Excuse the cynicism (it comes with the job ), but let’s be realistic here, Galway was never really in the running to have the guts of a billion euro spent on it just so that the relatively low number of commuters could make their way in and out of town with the few bags of shopping. There might be nine million bicycles in Beiijing, but there just aren’t enough people in Galway city and environs to justify this service.

It’s back in the news this week because a City Council Comm-It-Teeeee were told and left stunned by all accounts on Monday that the Gluas is a non-runner, is dead in the water, well down the tracks. The shock and awe which the councillors experienced came after they were told that two things would have to happen if Gluas was to be any way viable. Immediately after swine would take to the air, the city population would probably have to double or treble and the cost of the trains have to drop by the same amount. If those two things happened, then we’re probably looking at having it up and running by Christmas again.

In fact, one wonders why people even had to commission a report into the viability of such a system. In fact it is probably a bigger shock to discover that it took a year, yes a full year for the Public Transport Feasability Study to present the report. Why was that? Was the printer not working? Could they not hold the laughter in long enough? You would think that a question such as “Is a billion euro train system for Galway city a runner.” should only need the amount of time it takes to say “arragh, let me see. No”. The train would have cost €700 million while the bendy buses will cost just a quarter of that. These are the buses with the rubber middle that allows them to turn corners sharpish.
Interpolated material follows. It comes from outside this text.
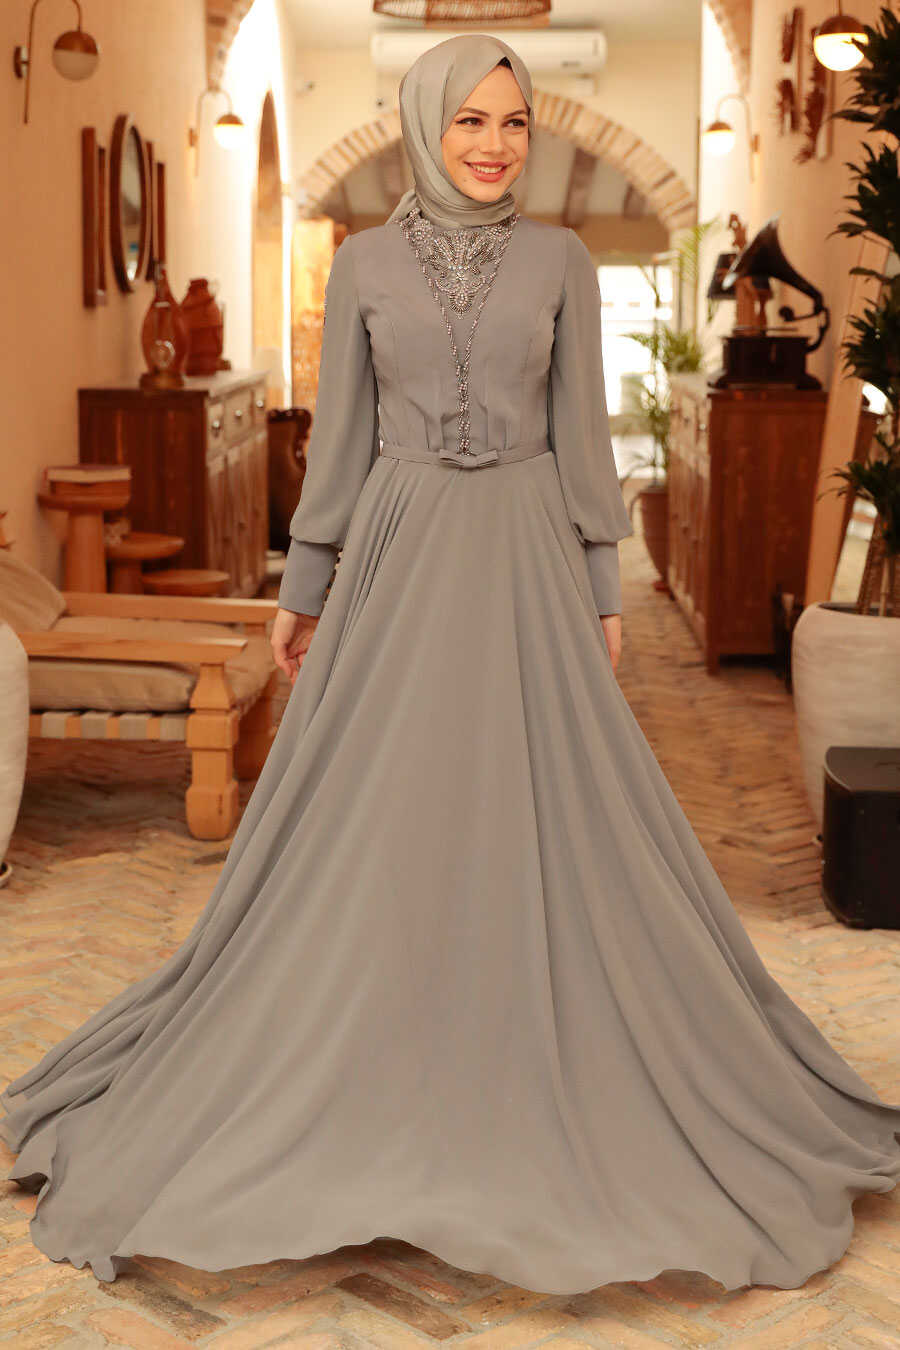 Party Dresses Champagne Long Sleeve Hijab Muslim Evening High Neck Islamic  Formal Gowns Beaded Arabic Kafan Robes De 230510 From Long01, $114.18 |  DHgate.Com
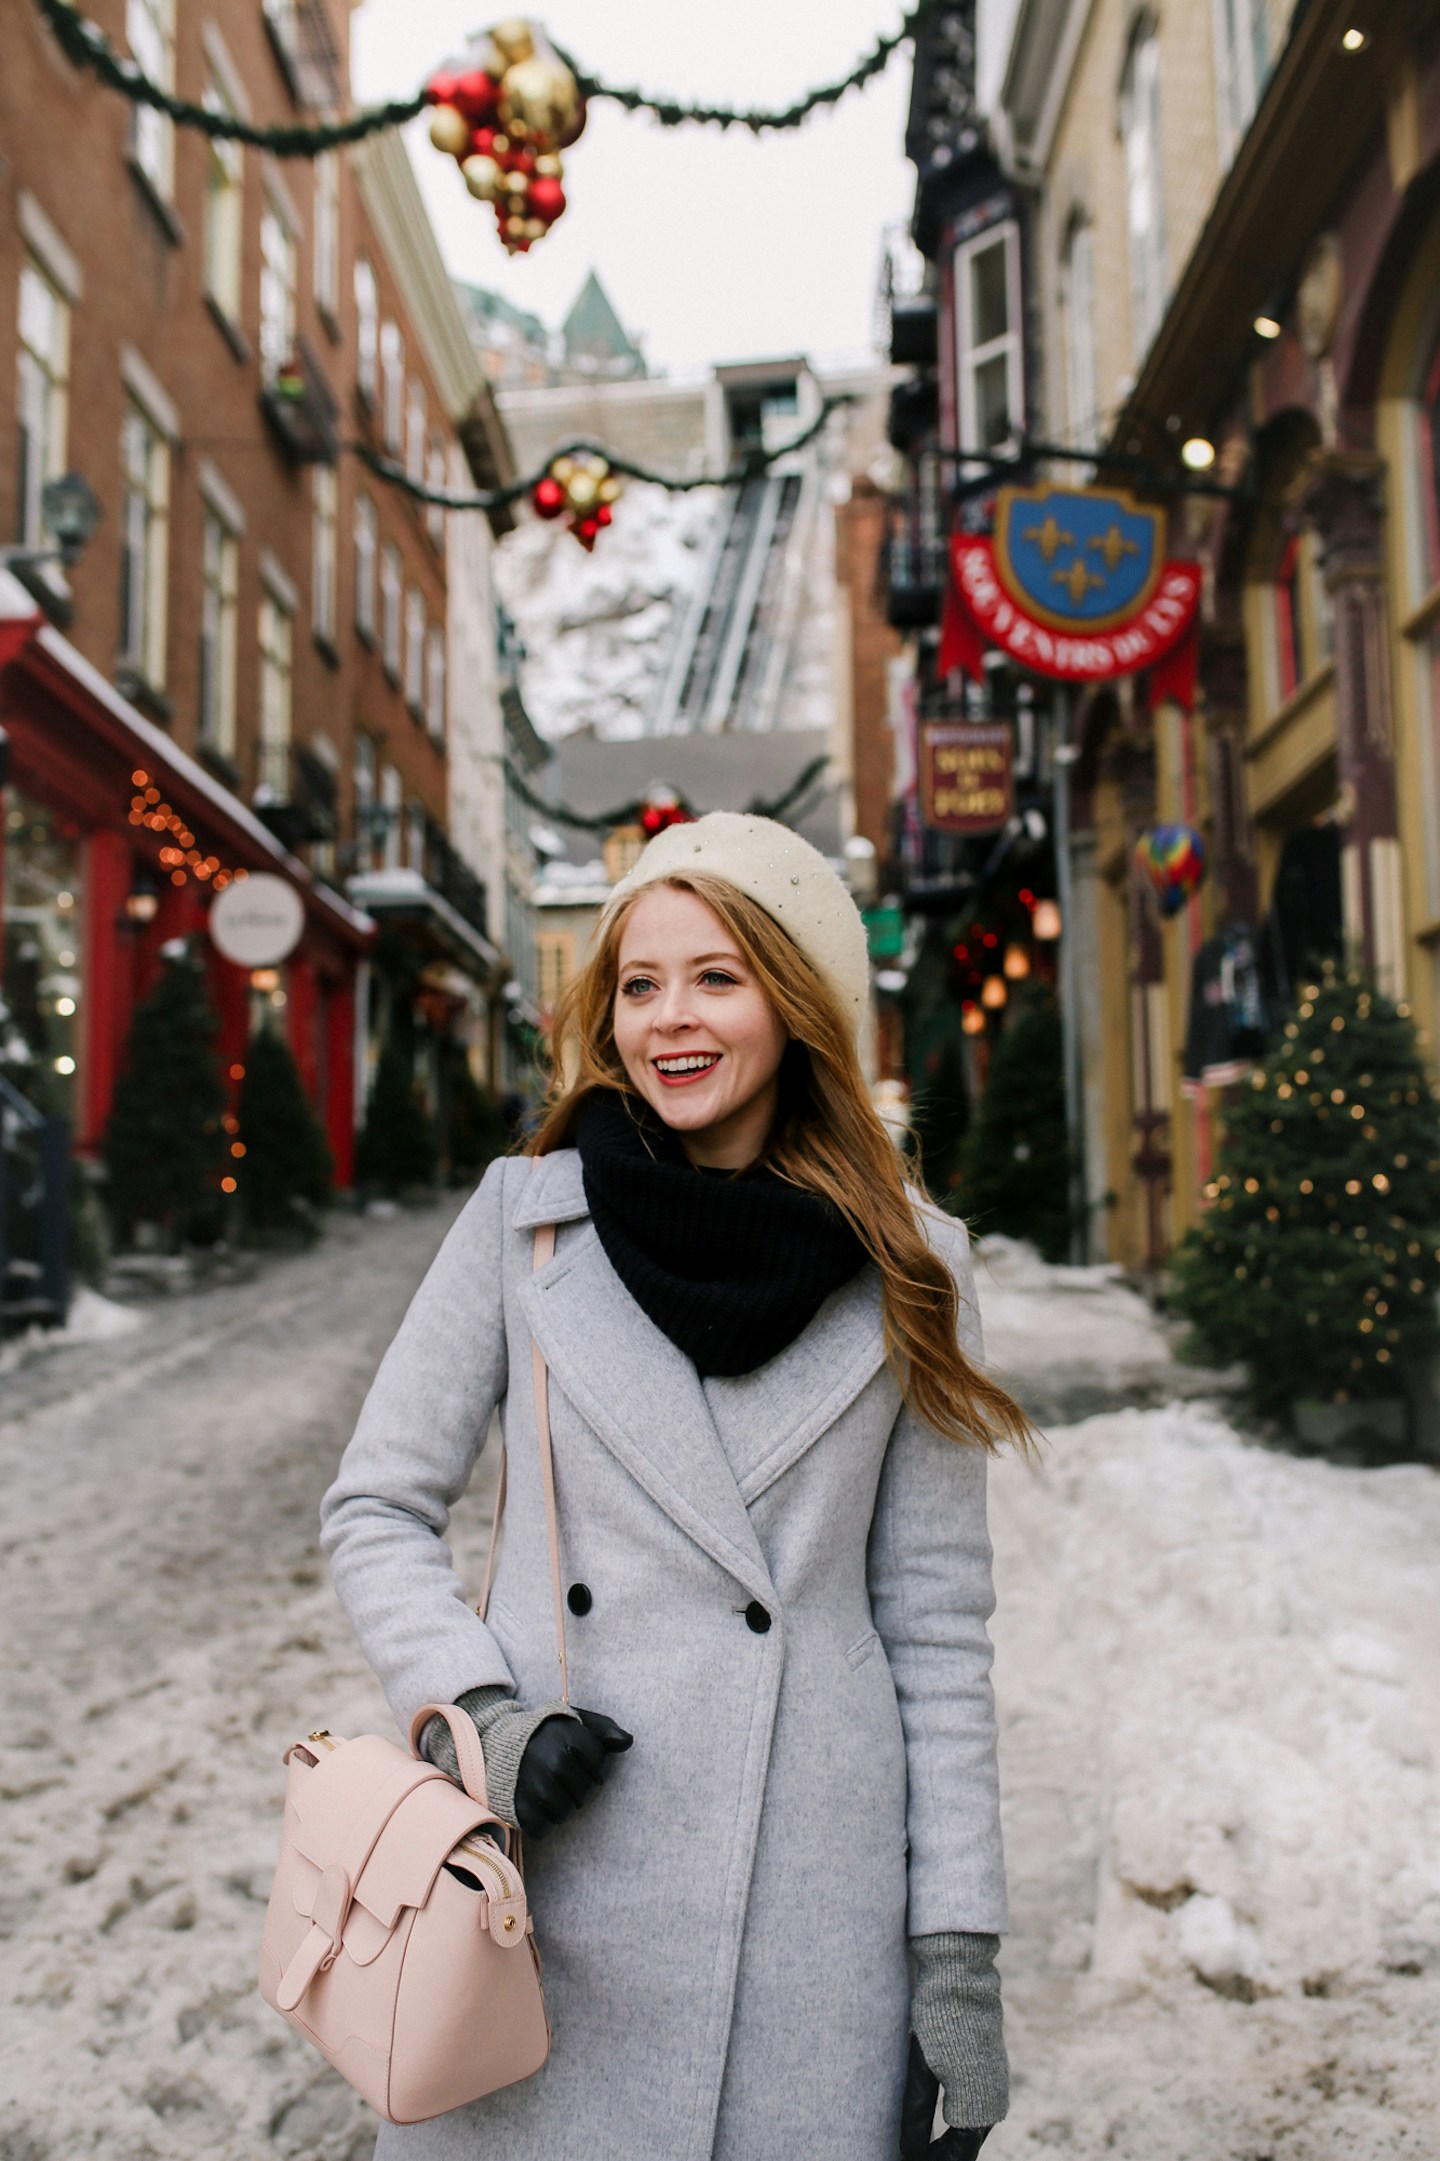 Top 10 things to do in Quebec City in a winter weekend. This romantic city feels European with cobblestone streets, festive decor and old stone buildings.

So we’re going to get bendy buses which will snake their ways around the streets of the city, effectively servicing two streets at a time. Bendy buses where ya could be messing down the back and the driver wouldn’t see ya. You could get on in the Square with your can of spray paint, sit at the back and as the bus goes around Moon’s corner, you could spray “John Terry is a w...: and be back in your seat by the time the bus straightens up again and heads down Eglinton Street.

Now, isn’t that much more fun than being on a Gluas.